Together with HMS Amethyst, she was loaned by the Admiralty to the Atlantic Telegraph Company in 1864 and both ships were then extensively modified in 1865 for ferrying the Atlantic cable from the manufacturer's works at Enderby's Wharf, in East Greenwich, London, to the Great Eastern at her Sheerness mooring. The cable was coiled down into great cylindrical tanks at the wharf before being fed into the Great Eastern. Amethyst and Iris transferred 2,500 miles (4,000 km) of cable to Great Eastern, in an operation that took over three months, beginning in February 1865.

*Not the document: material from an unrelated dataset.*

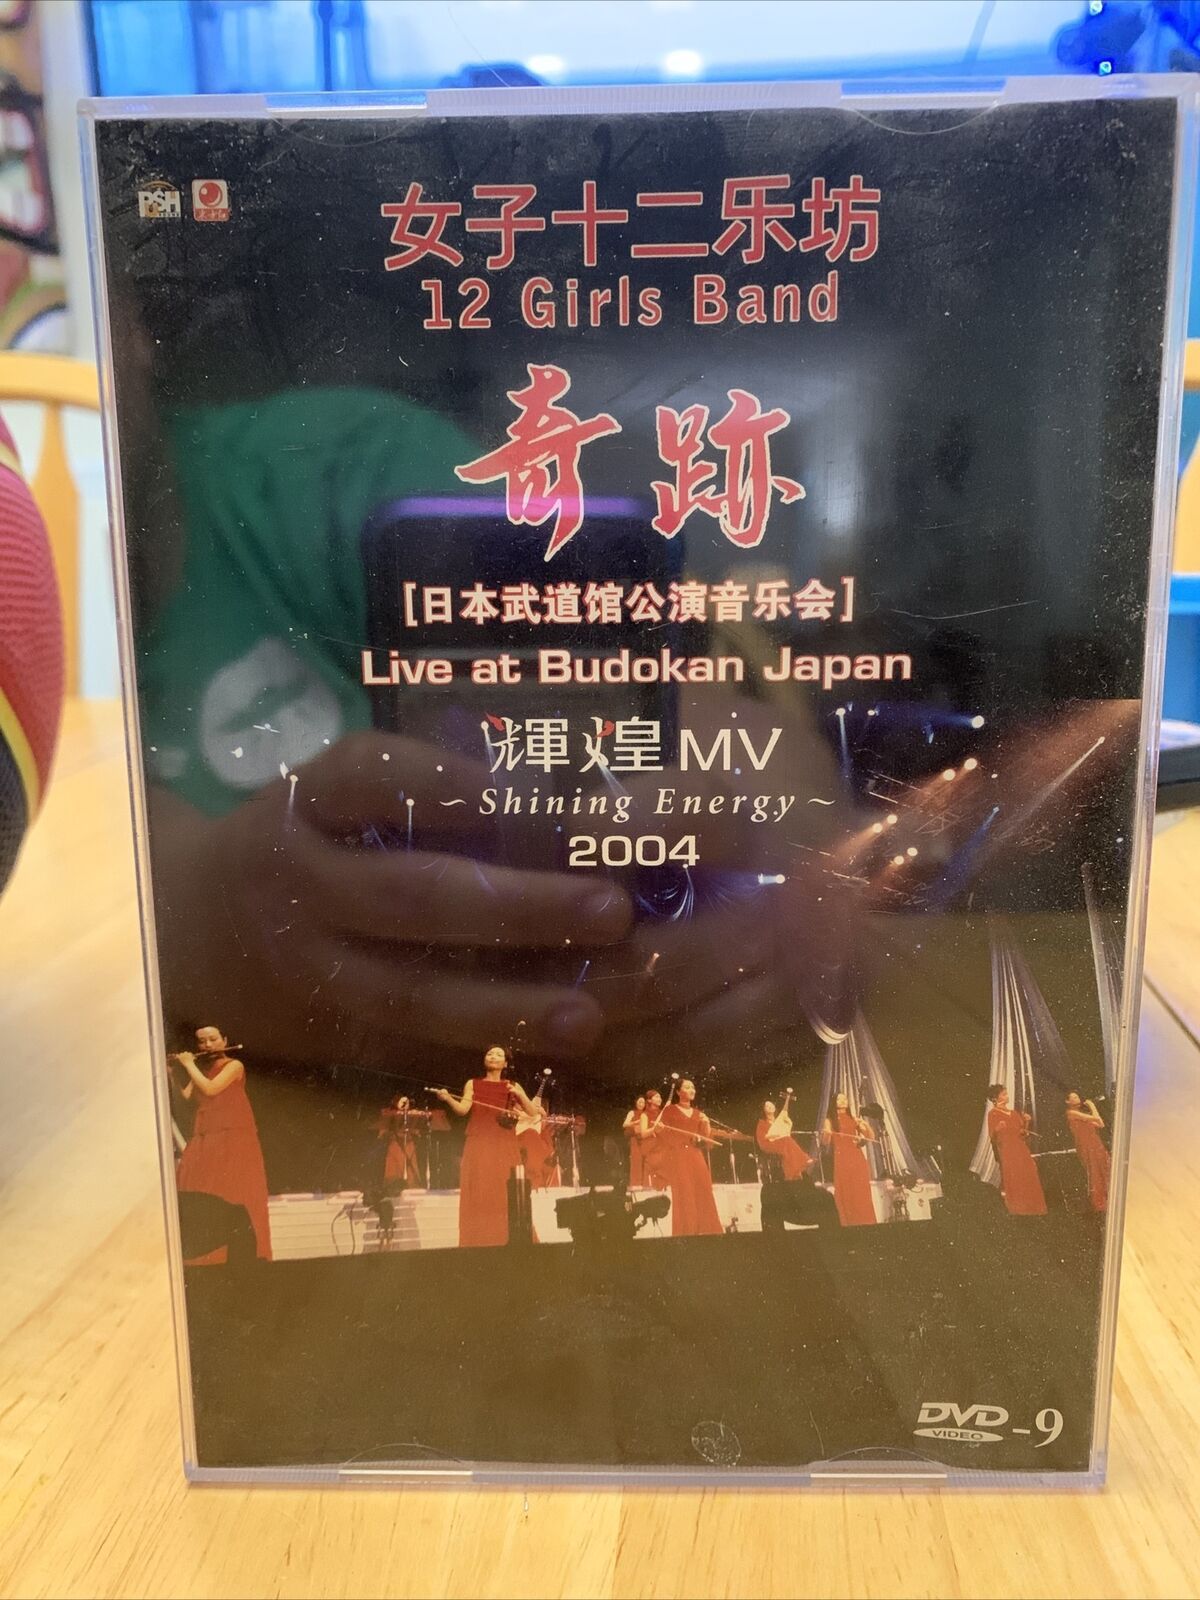 Primary image for 12 Girl Band - Live at Budokan Japan, Shining Energy 2004 - CD+DVD

Both ships were used again for the same purpose in 1866 and 1869 by the Telegraph Construction & Maintenance Company (Telcon). As obsolete sailing vessels which had to be towed while ferrying cable, neither ship was capable of independent operation, and both were described as "hulks" in contemporary reports. Also in 1866 HMS Iris was loaned to help in the recovery of the steamer Foyle, which had sunk in collision with the steamer Collingwood off Barking in the Thames on 12 September. The Sail and Steam Navy List notes that according to Admiralty records, HMS Iris and HMS Amethyst were sold to the Telegraph Construction and Maintenance Company (Telcon) after being decommissioned on 16 October 1869.